Cardano recorded a notable on-chain uptick on May 29, with daily active addresses rising 14% to about 17,500 even as the ecosystem absorbed the cancellation of its 2026 Singapore Summit. The timing created an unusual split between governance disappointment and network activity, suggesting that fresh liquidity infrastructure may have softened what could otherwise have been a cleaner negative reaction.
The governance setback was real. Cardano delegated representatives rejected a 7.8 million ADA treasury request for the summit after the proposal received 65.21% support, just below the 66.67% supermajority required for treasury withdrawals. A majority supported the event, but Cardano’s stake-weighted rules still blocked funding, forcing the Foundation to cancel the flagship Singapore gathering.

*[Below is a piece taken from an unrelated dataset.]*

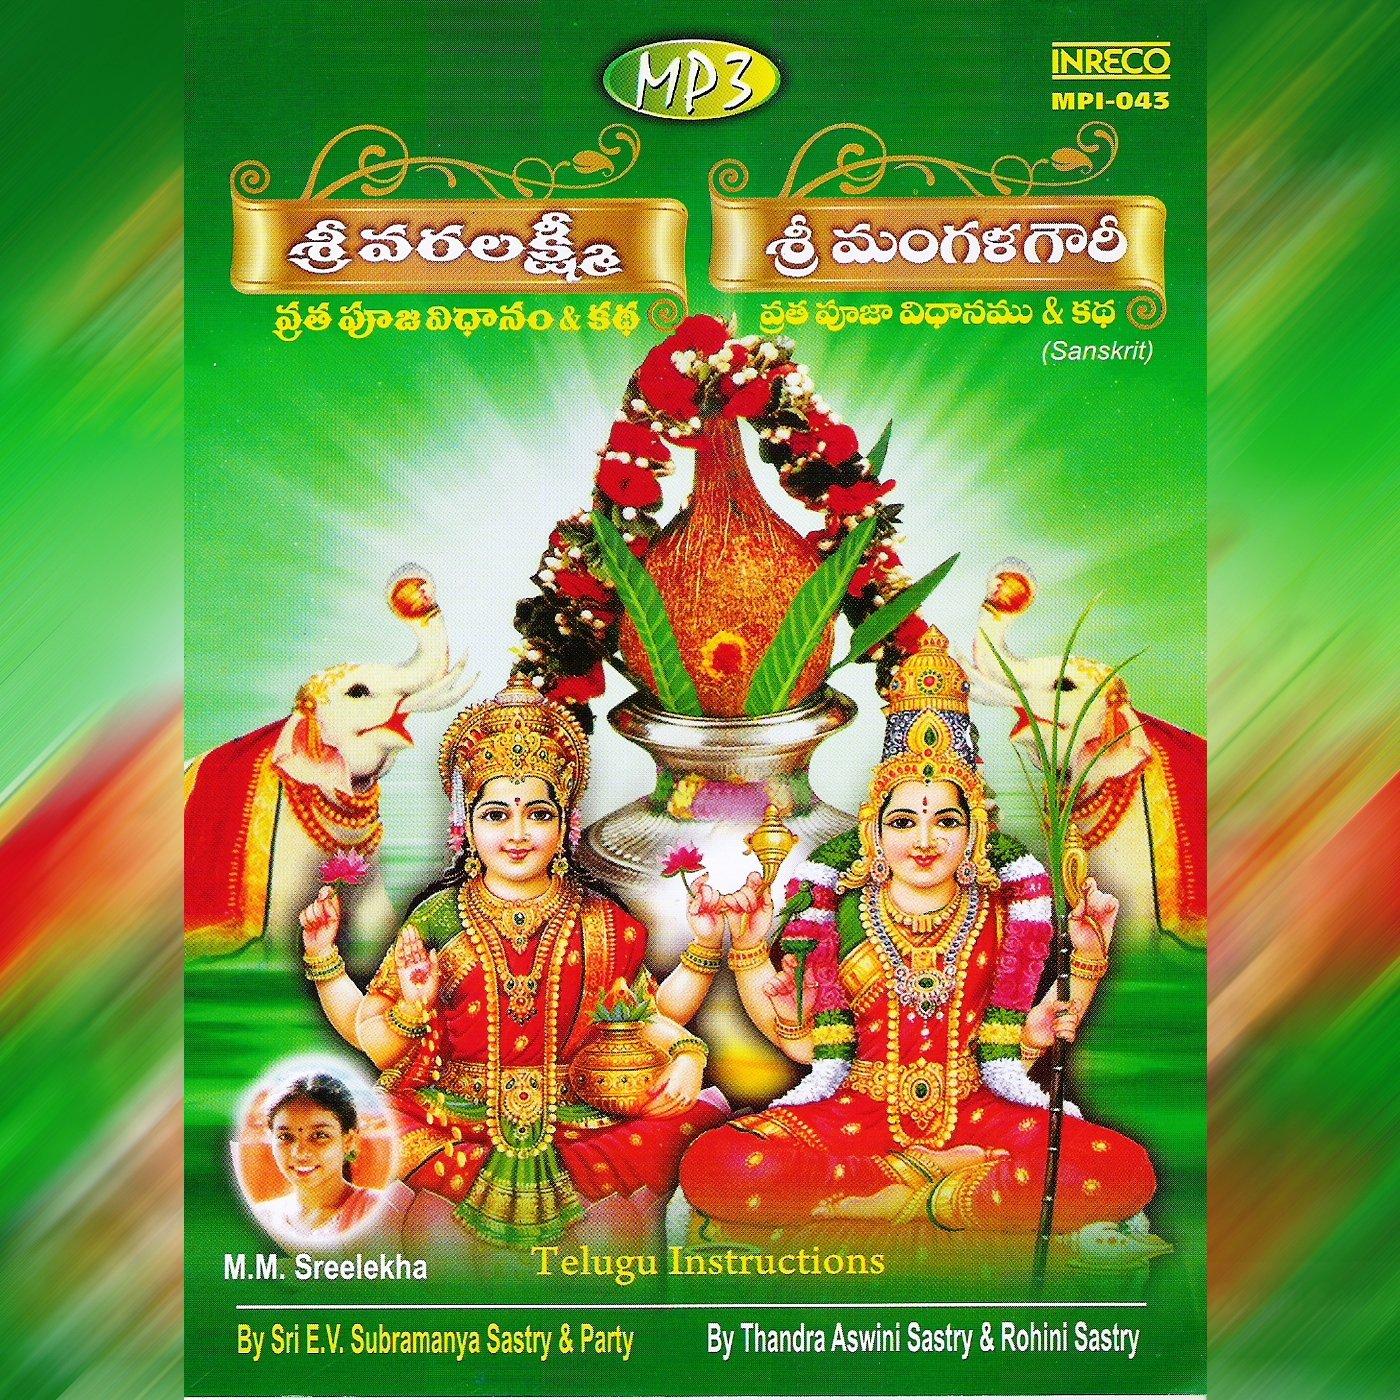 Bhakti Sudha Telugu Mp3 Songs Free Download - impactpigi

CME Access Changes the Market Backdrop
The same day, CME Group expanded cryptocurrency futures and options to 24/7 trading, giving regulated market participants continuous access to crypto derivatives over the weekend. CME said more than 7,200 contracts traded during the first weekend, representing about $50 million in notional volume. That launch gave institutions a new always-on risk-management channel at the exact moment Cardano faced a governance shock.
The connection should be treated carefully. CME’s rollout was a suite-wide crypto derivatives upgrade, not a Cardano-only event, but ADA futures were part of the broader regulated-access backdrop cited by market analysts. The stronger claim is not that CME caused the address spike, but that new derivatives plumbing helped absorb sentiment stress.
On-chain accumulation supports that more measured reading. Addresses holding between 10 million and 100 million ADA increased their share of supply from 36.48% on May 11 to 37.23% by May 29, meaning the build-up began well before the summit vote failed. Large holders were positioning ahead of the governance outcome, not merely reacting to it.
Governance Risk Did Not Trigger Broad Distribution
Mean coin age also rose across 90-day, 180-day and 365-day cohorts into June 1, a signal that longer-term holders were not broadly distributing into the summit cancellation. That matters because governance failures can damage confidence only if holders convert disappointment into selling pressure.
The episode shows how market structure can change the impact of bad news. A failed treasury proposal removed a major ecosystem event, but continuous derivatives access, whale accumulation and steady long-term holding helped prevent the story from becoming a simple sell-off narrative.
For Cardano governance, the vote still carries consequences. The cancellation shows that the Voltaire-era treasury process can reject even high-profile foundation requests when they miss the required threshold. That strengthens procedural credibility, but it also creates event-risk around future funding decisions.
The next institutional marker is the potential ADA spot ETF eligibility window in August, tied to the six-month period after CME ADA futures began trading in February. If that window becomes a credible flow catalyst, it could further connect Cardano price action to regulated-market infrastructure rather than only on-chain governance.
For now, Cardano’s May 29 reaction is best read as a mixed signal. The summit defeat hurt the ecosystem’s institutional showcase plans, but on-chain activity, large-holder accumulation and the CME timing prevented a broader confidence break. The market did not ignore the governance setback; it simply had other liquidity channels to process it.